The petitioner contends that he was denied a fair hearing; that the decision of the civil service commission was based upon an erroneous conception of a rule of law; that the decision constituted a gross miscarriage of justice, and that the commission is chargeable with “ an abuse of discretion.”

An examination of the record discloses that the petitioner was born in Philadelphia, Penn., in 1901. He there attended elementary school and high school. From 1921 to 1926 he was engaged in the real estate business. In 1926 he was the secretary of four building and loan associations in Philadelphia. In March, 1926, he was indicted in Philadelphia on the charge of grand larceny. He became a fugitive from justice, and remained so until arrested in New York in 1929 and returned to Philadelphia. He pleaded guilty on October 28, 1929, and was sentenced to a term of from two to five years in the Philadelphia County Prison. After serving the minimum sentence, he was paroled on October 28, 1931. In 1933 he was granted a complete and unconditional pardon by the Governor of Pennsylvania. At the time petitioner’s application for a pardon was pending, the district attorney of Philadelphia county sent to the Philadelphia State Board of Pardons a report in opposition to the granting of the pardon. The following is a quotation from that report:

The petitioner, Jacob B. Bichovsky, was indicted with his father, Barnet B. Bichovsky, for the fraudulent making and uttering and publishing of written instruments. Indictment No. 417 charges the issuing of a purported resolution of the First Fraternal Building and Loan Association and authorizing the borrowing from B. (Barnet Bichovsky) the sum of $3,000. The second indictment (418) charges the issuing of a note by the First Fraternal Building and Loan Association to B. (Barnet Bichovsky) for $3,000 in 1926. Jacob B. Bichovsky was a fugitive and had to be brought back from the State of New York. Jacob B. Bichovsky was the Secretary [113]*113of the Association and B. or Barnet Bichovsky was the conveyancer. Jacob B. Bichovsky was the secretary of the Barnet Nelson, Progressive Workmen’s, United Workers and First Fraternal Building and Loan Associations, and B. or Barnet Bichovsky was the conveyancer to said four associations. They used the same method of obtaining money in all four associations. The total amount received by falsified minutes and false notes from the Barnet Nelson was $1,500; from Progressive Workmen’s $30,000; from United Workers $11,500, and from First Fraternal $32,700, making a total of $75,700. These notes were then sold to 13 different individuals for the face value of the notes by Barnet Bichovsky and assigned by him. These defendants admitted that they had conspired to get money by these means, namely, the one to falsify a minute of the Board of Directors and obtain a false and fraudulent note, and the other knowing that these records were false had obtained the money for his own benefit thereon.
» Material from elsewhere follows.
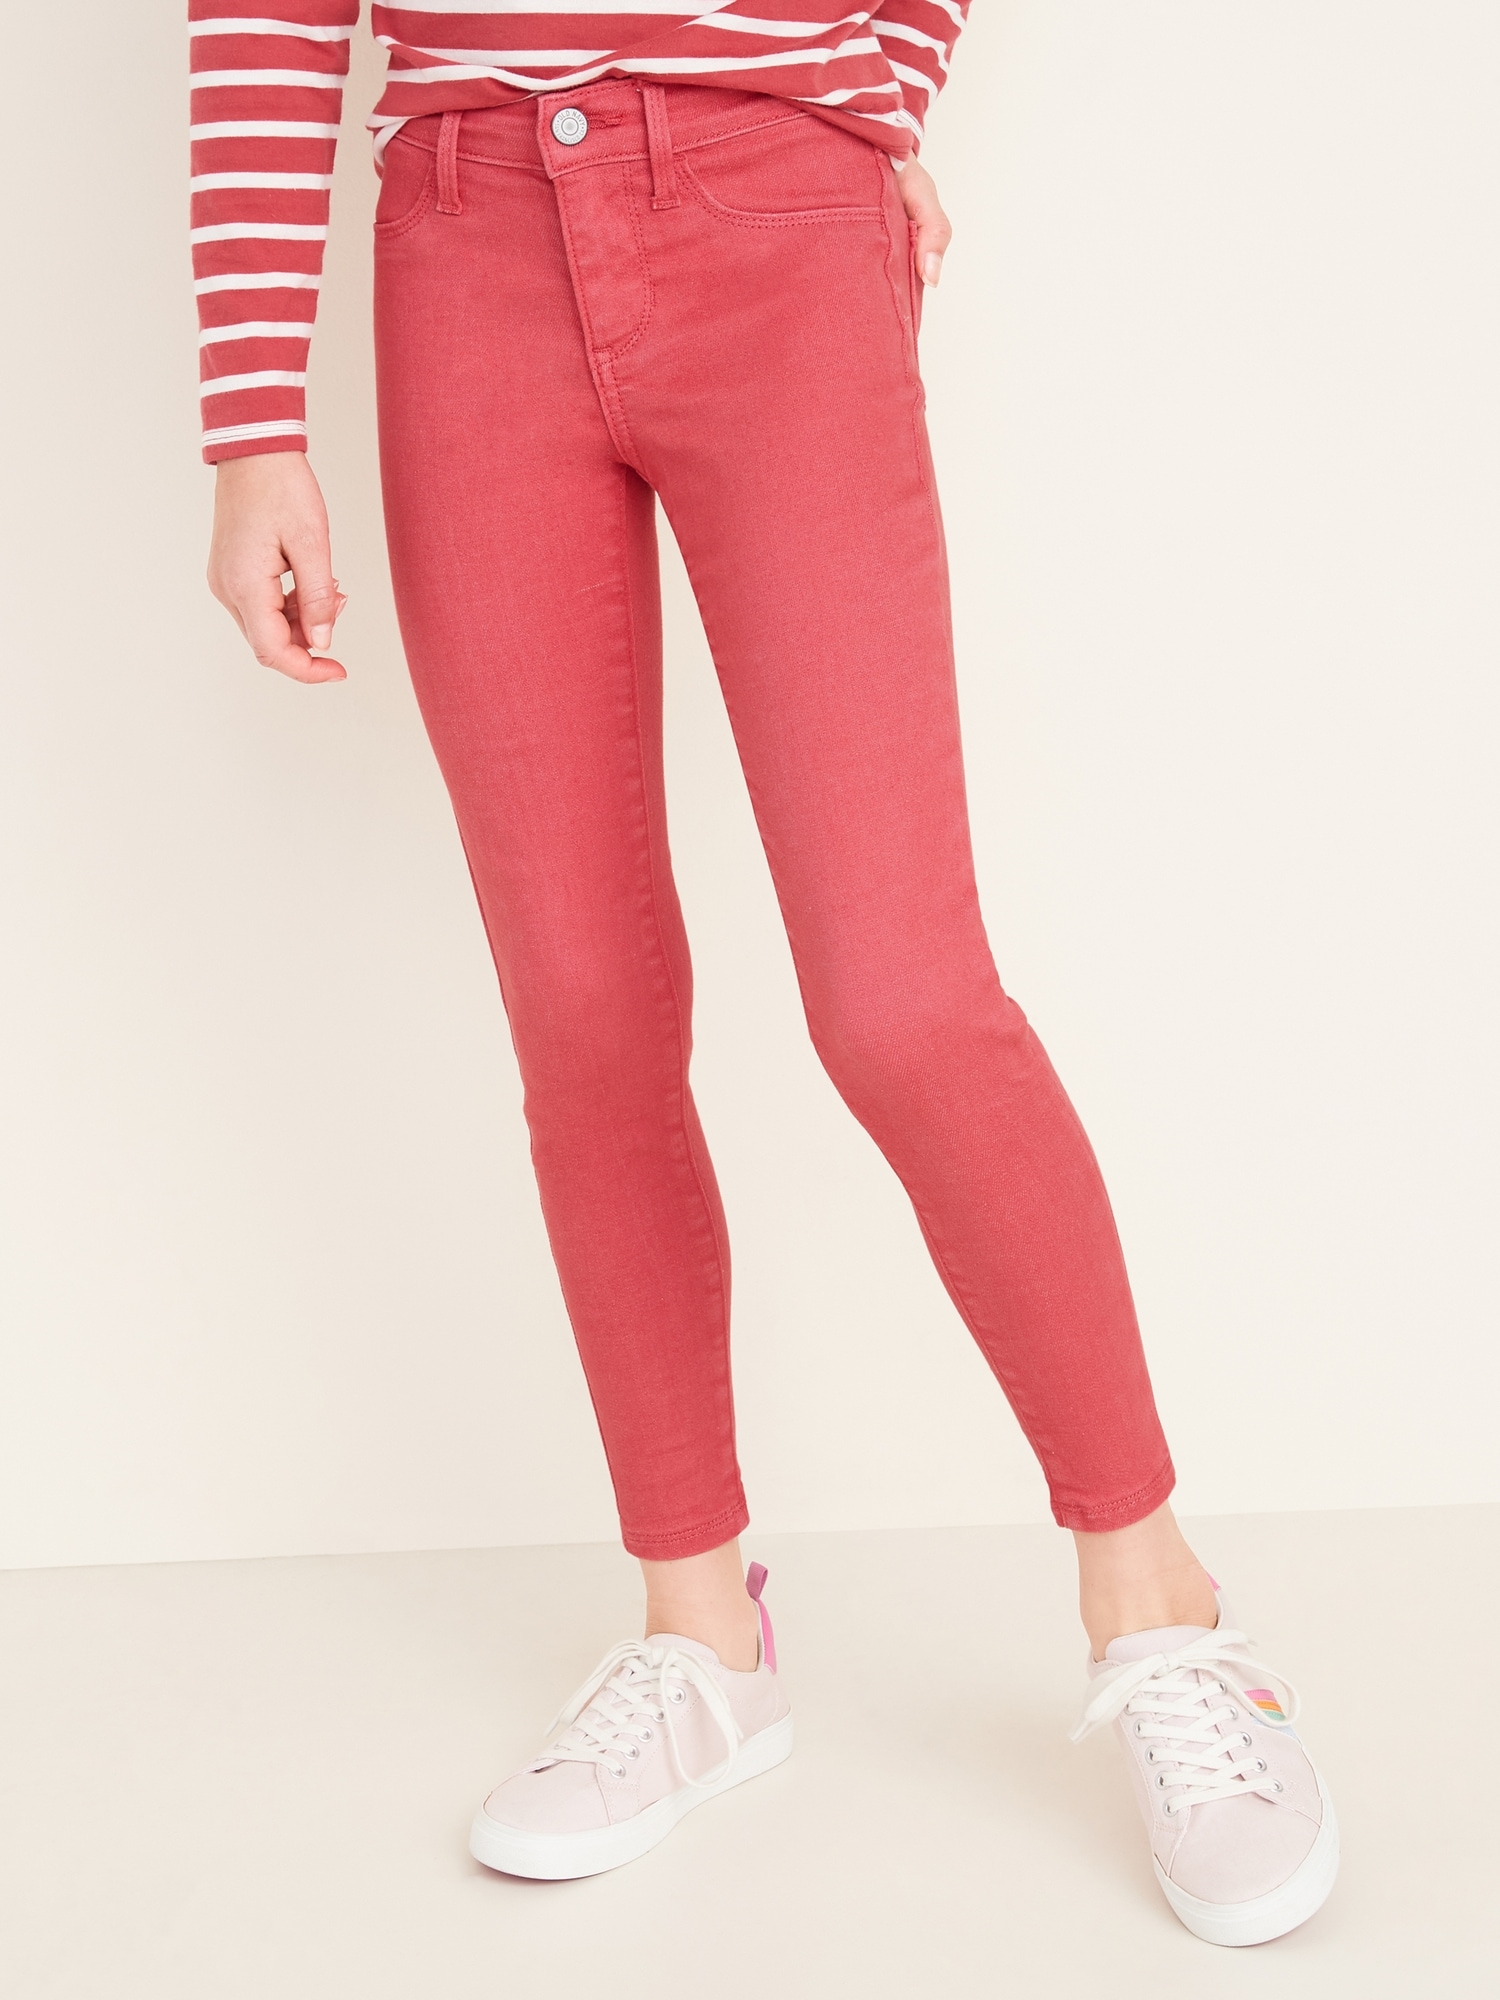 Women's Colored Jeggings

“ The noteholders brought suit against the four associations for the respective amounts of their notes. Many of them were settled and as a result of the activities of these two men these four associations were liquidated, causing complete losses to the stockholders, who did not receive a cent.
The petitioner, Jacob B. Bichovsky, states in his petition that he received no money from the association or from these notes, and that he believes that the money was actually owing to Barnet Bichovsky, but he pleaded nolle contendere to the conspiracy bill, No. 419, and was adjudged guilty, and admitted that he was a party to the conspiracy. It is not true that the building and loan associations suffered no pecuniary loss, and they were called upon to pay and did pay. The associations paid to the full extent of their ability to pay.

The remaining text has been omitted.